Step-by-step explanation:

(a) To find the speed at which the ball hits the ground, we can use the fact that the horizontal and vertical motions of the ball are independent. The initial horizontal velocity remains constant throughout the motion, so it does not affect the speed at which the ball hits the ground. The vertical component of the motion is influenced by gravity, so we need to find the time it takes for the ball to reach the ground. We can use the vertical motion equation y = v0yt - (1/2)gt2 where y is the vertical displacement, v0y is the initial vertical velocity, t is the time, and g is the acceleration due to gravity. Since the ball is kicked from the ground, y will be zero and we can solve for t. Rearranging the equation to solve for t, we have t = sqrt(2y/g). Plugging in the values, t = sqrt(2*0/9.8) = 0 s. Therefore, the ball hits the ground instantaneously in the horizontal direction and with a vertical velocity of 16 m/s. The horizontal and vertical components of the velocity can be combined using the Pythagorean theorem to find the speed at which the ball hits the ground, which is sqrt((17.0 m/s)^2 + (16.0 m/s)^2) = 22.8 m/s.

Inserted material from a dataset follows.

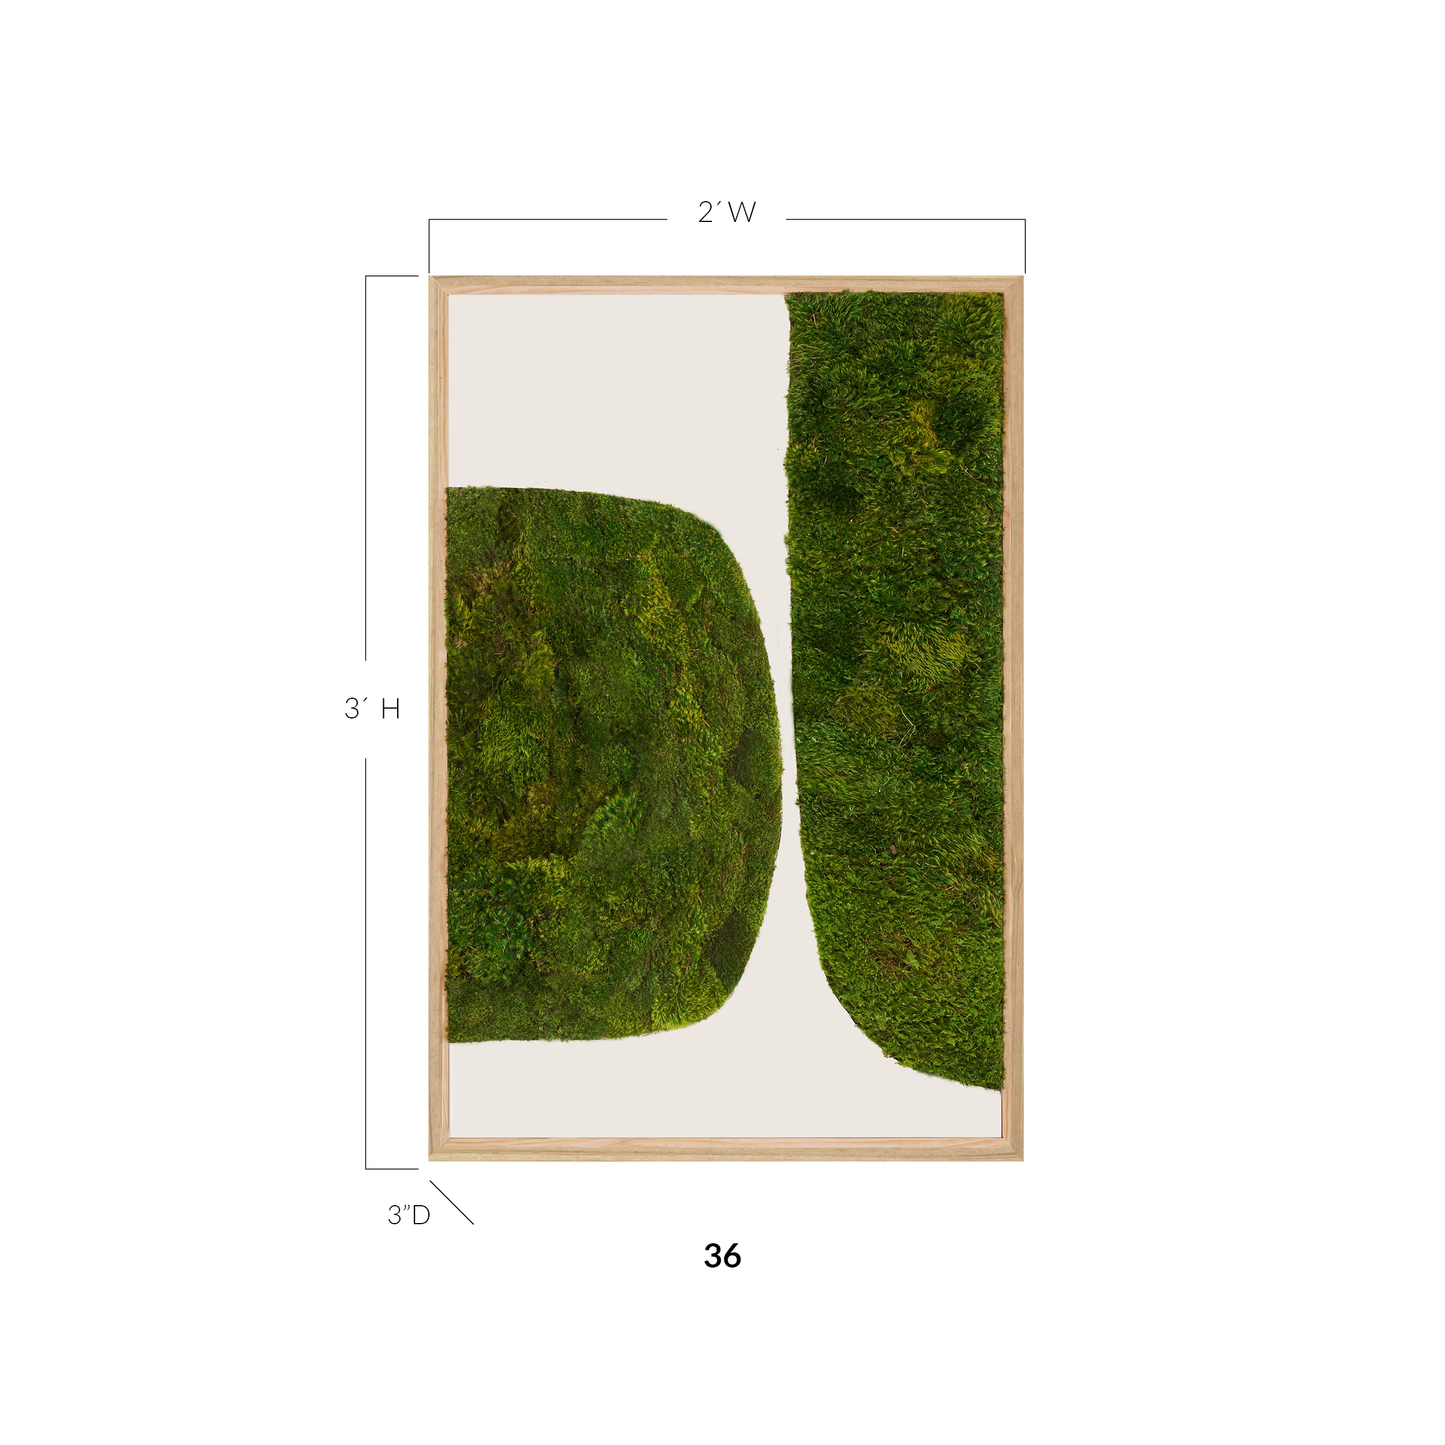 Moss Art - Abstract Series No. 045 (3' x 2')

(b) The time the ball remains in the air can be found using the vertical motion equation y = v0yt - (1/2)gt2, where y is the vertical displacement, v0y is the initial vertical velocity, t is the time, and g is the acceleration due to gravity. The initial vertical velocity is 16 m/s and the ball reaches the ground when y is zero. Plugging in these values, we have 0 = (16 m/s)t - (1/2)(9.8 m/s^2)t^2. Rearranging the equation and solving for t, we have t = (2v0y)/g = (2*16 m/s)/(9.8 m/s^2) = 3.27 s. Therefore, the ball remains in the air for 3.27 seconds.

(c) The maximum height attained by the ball can be found using the vertical motion equation y = v0yt - (1/2)gt^2. We know that the initial vertical velocity (v0y) is 16 m/s and the time (t) can be found using the equation t = (2v0y)/g = (2*16 m/s)/(9.8 m/s^2) = 3.27 s. Plugging these values into the equation for y, we have y = (16 m/s)(3.27 s) - (1/2)(9.8 m/s^2)(3.27 s)^2 = 52.5 m. Therefore, the maximum height attained by the ball is 52.5 meters.